И мне вдруг страшно захотелось сорваться с места и улететь. Был вечер. Я сидела на своей широкой американской постели, тоскливо уставившись в зеркало, которое по замыслу должно было создавать в спальне атмосферу непринужденности и распутства. Замысел, увы, не сработал.

Я пригляделась к девушке в зеркале и поняла: что-то с ней не так. Она сидела и внимательно слушала, что происходит за окном: вот затормозил восьмидесятый автобус, с легким шипением раздвинулись автоматические дверцы, закрылись вновь, автобус поплыл дальше. Она готова была уцепиться за любую мелочь, казалось, ничто, кроме звуков на улице, ее не интересует. «Все, надоело, — сказала я ей. — Надоело упиваться собственным горем, выслушивать слова сострадания, ловить сочувственные взгляды. С меня хватит, я уезжаю».

Его больше нет.

Почему?

Он мне нужен, нужен больше, чем прежде.

Когда Он был жив…

Я всем отравляю жизнь своим страданием. Собака по имени Кид, тяжело дыша, трется о мои колени и смотрит на меня преданным, понимающим взглядом, затуманенным, правда, катарактой. Кид все время путается под ногами. Всюду ходит за мной, дежурит под дверью туалета. Вечером, когда я засыпаю, он прыгает на кровать, и от запаха тухлого мяса у меня тошнота подступает к горлу. Он пыхтит, потягивается, крутится на месте, будто приминая траву на лугу, и наконец со вздохом плюхается на белое покрывало. Спит он чутко: стоит мне всхлипнуть, и он мгновенно вскакивает, а затем начинает выть, да так жалобно, что я пристыженно замолкаю.

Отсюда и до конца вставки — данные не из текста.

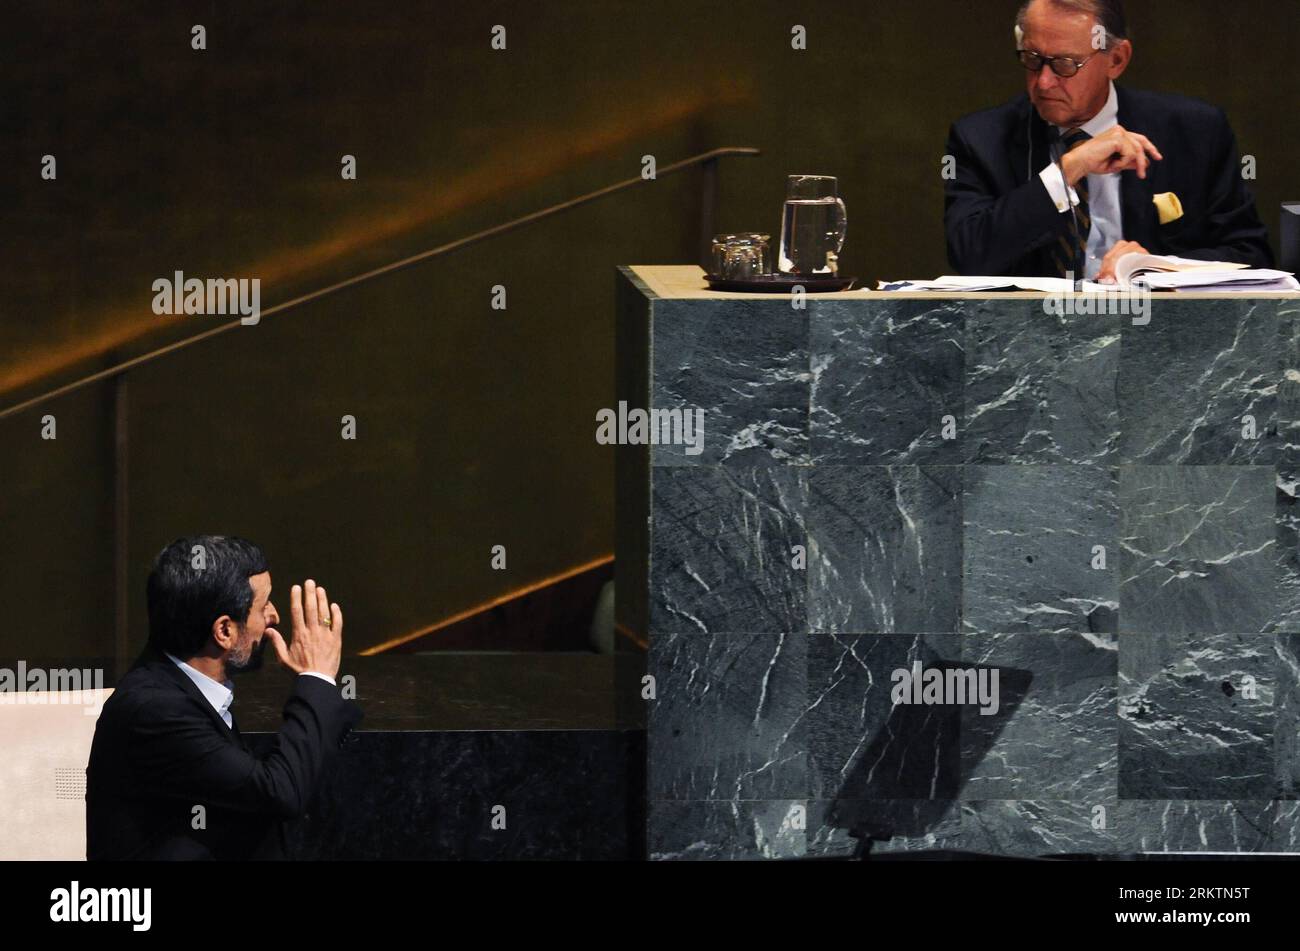 Bildnummer : 58518915 Datum : 26.09.2012 Copyright : imago/Xinhua (120926) -- NEW YORK, 26 septembre 2012 (Xinhua) -- le président iranien Mahmoud Ahmadinejad(L) fait des gestes en marchant sur la tribune avant de prendre la parole lors du débat général de la 67e session de l’Assemblée générale des Nations Unies au siège de l’ONU à New York, aux États-Unis, le 26 septembre 2012. Ahmadinejad a accusé mercredi certaines puissances hégémoniques d’intimider son pays, citant des menaces militaires d’Israël. (Xinhua/Shen Hong) ONU-NEW YORK-ASSEMBLÉE GÉNÉRALE-DÉBAT GÉNÉRAL-IRAN PUBLICATIONxNOTxINxCHN People Politik UNO Generalversammlung x0x x Banque D'Images

Братик Тото, слушая мои стенания, нервно теребил ухо, и в результате на левой мочке (он левша) образовалась бородавка. Сеанс прижигания у дерматолога стоит двести пятьдесят франков, и нет гарантии, что она не вырастет опять, потому что бородавки образуются не сами по себе, они рождаются в голове. Я снова буду рыдать в его присутствии, а он — теребить мочку уха.

От меня сплошной вред. Я всем кругом приношу несчастье.

И вот ведь что ужасно: чем больше я пытаюсь разделить с кем-то свое горе, тем менее оно осязаемо. И Он тоже: расплывается, уходит все дальше и дальше, будто я раздражаю его своей болтовней. Слова — фуфло. Я выбиваюсь из сил, выбираю подходящие выражения, пытаясь справиться с бедой, загнать ее в угол. Тщательно выстраиваю каждую фразу, взвешиваю каждое слово, стараюсь вытравить горе точностью формулировок, а выходит непотребная чушь.

Больше так жить нельзя.

Этим вечером нужное слово явилось само собой. «Нью-Йорк», — произношу я отчетливо, глядя на свое отражение, и мигом вскакиваю с постели. Вот чего мне недоставало. Острых ощущений. Наслаждения, отвращения. Наплыва эмоций. Пора вылезать из берлоги: спячка закончена.

Испытаю себя Нью-Йорком.

Дам себя доконать либо, напротив, воспряну и, стряхнув пыль с одежд, бодро пойду дальше. В ярости поднимусь с колен или в нокауте рухну навзничь. Я полечу завтра. Или послезавтра. Расписание рейсов прочно засело в памяти. Мне не впервой скрываться в Нью-Йорке от себя самой.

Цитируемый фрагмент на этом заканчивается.